The Tale of Two Bitcoins
From my experience, it feels like there are two different Bitcoin realities existing side-by-side in El Salvador.
Reality One: The Bitcoin Tourist and Enthusiast
On one side, you have the international “Bitcoiners.” These are people who are absolutely passionate about technology, philosophy, and the movement. They are here primarily because Bitcoin is legal tender. They love the idea that the government is promoting events, investing in technology (like the famous ‘volcano bonds’), and using it as a store of value.

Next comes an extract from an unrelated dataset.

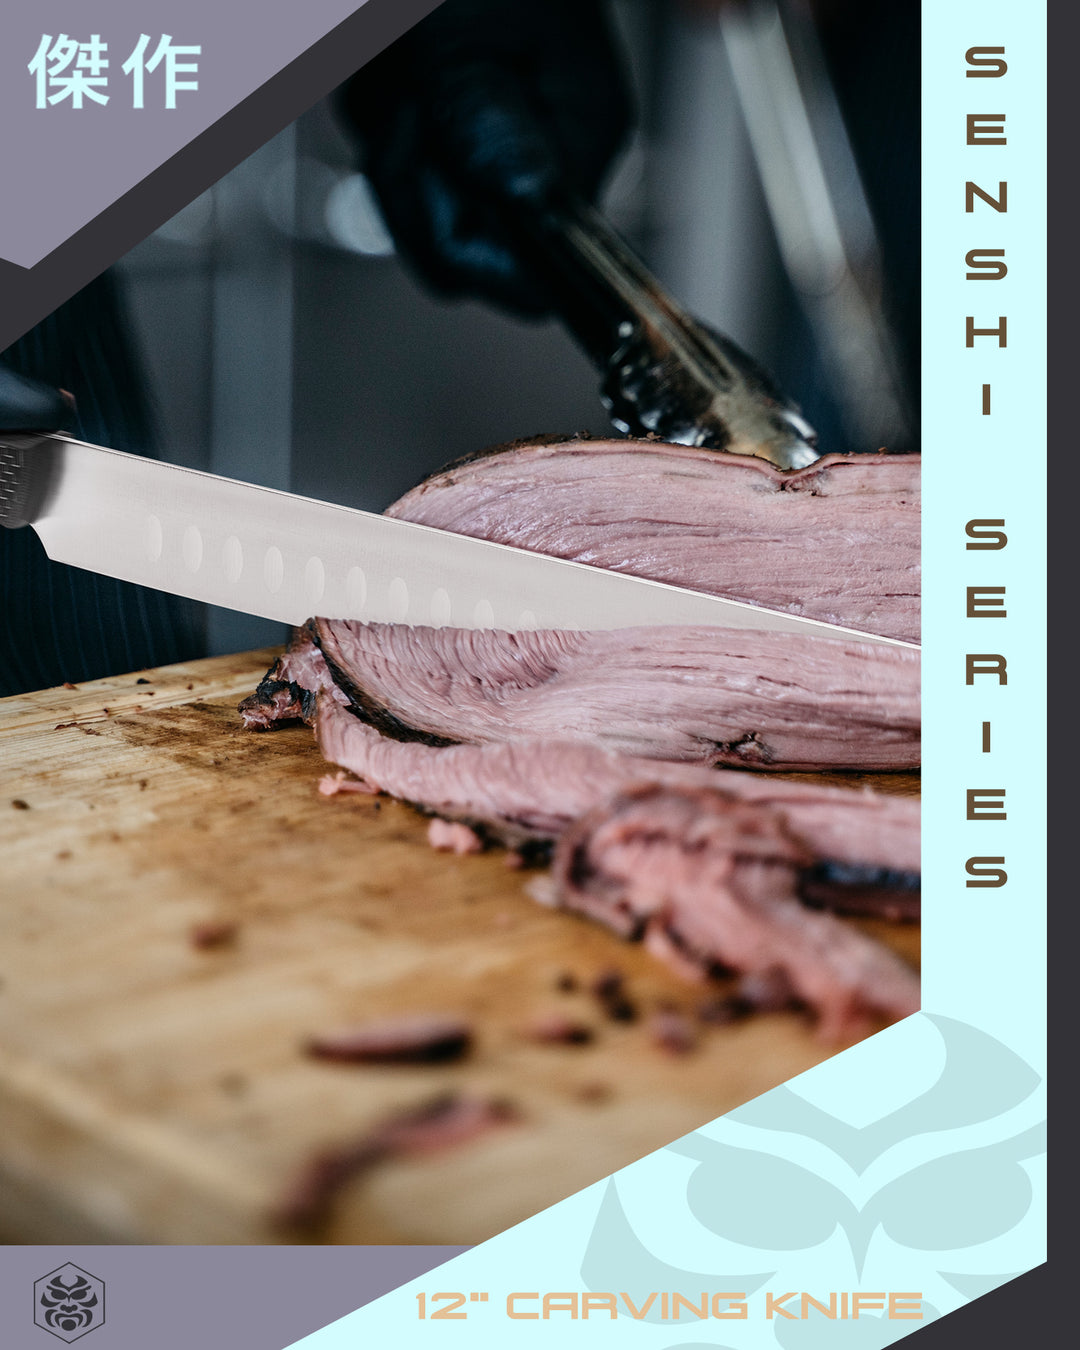 A pitmaster slices a large brisket with the Senshi Carving Knife
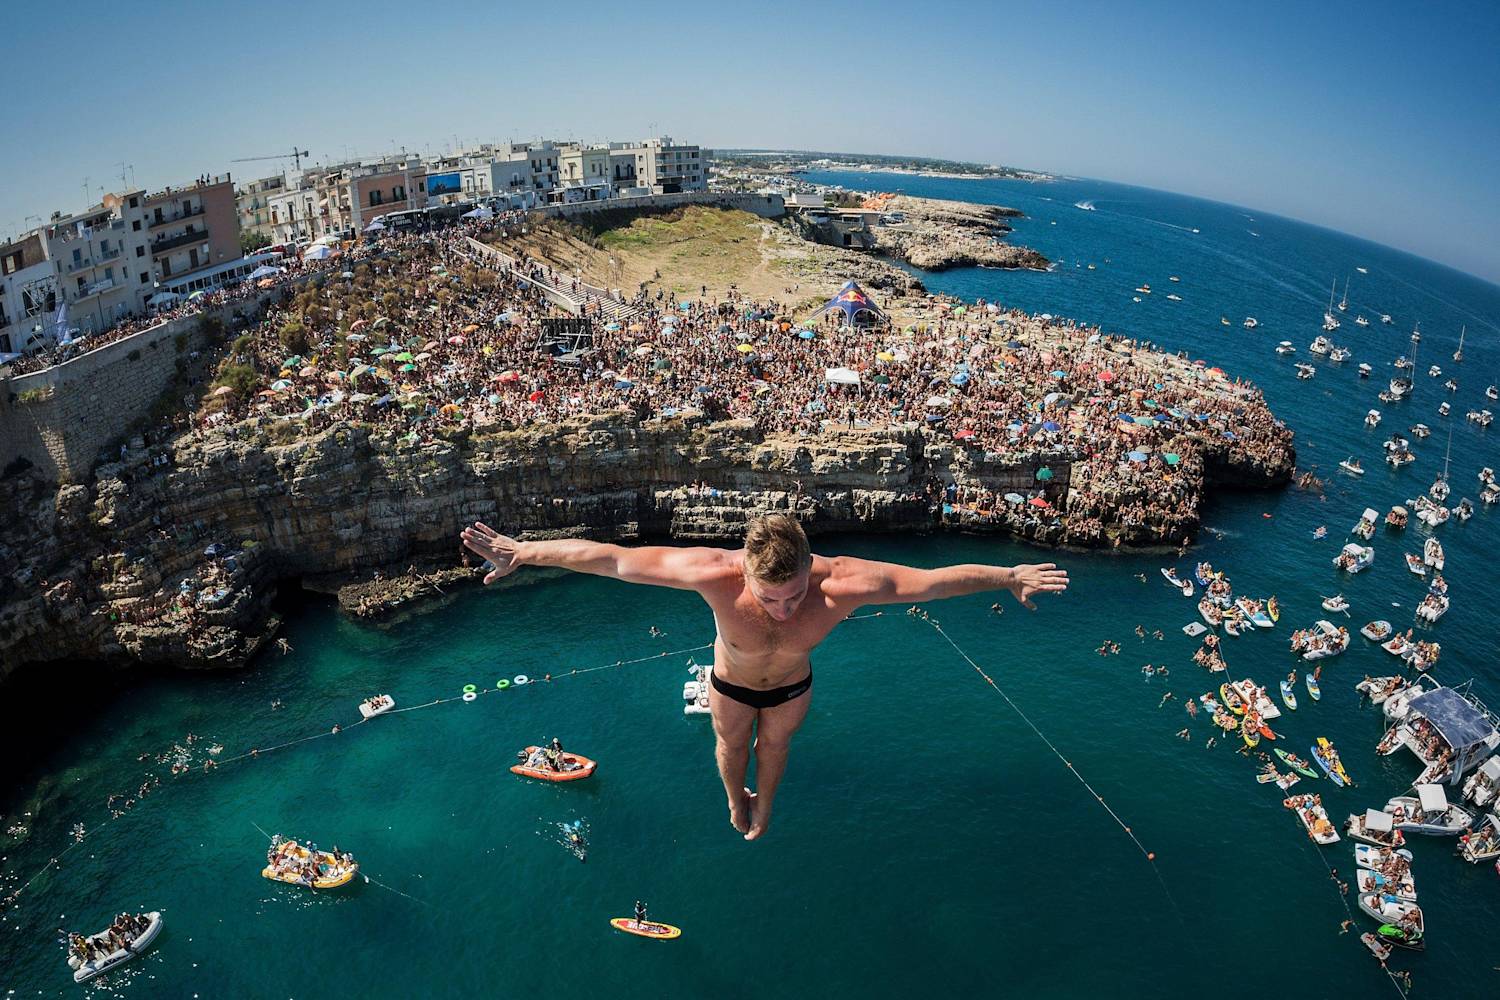 Red Bull Cliff Diving Italy 2018 ++Live Event Page++

For this group, El Salvador is a pilgrimage site. They use Bitcoin to pay for their hostel, their pupusas, and their transportation because they genuinely believe in the system. They are excited by the possibilities of a decentralized economy and the idea of financial freedom. They see the government’s continued promotion of Bitcoin as a major win and proof that the experiment is working.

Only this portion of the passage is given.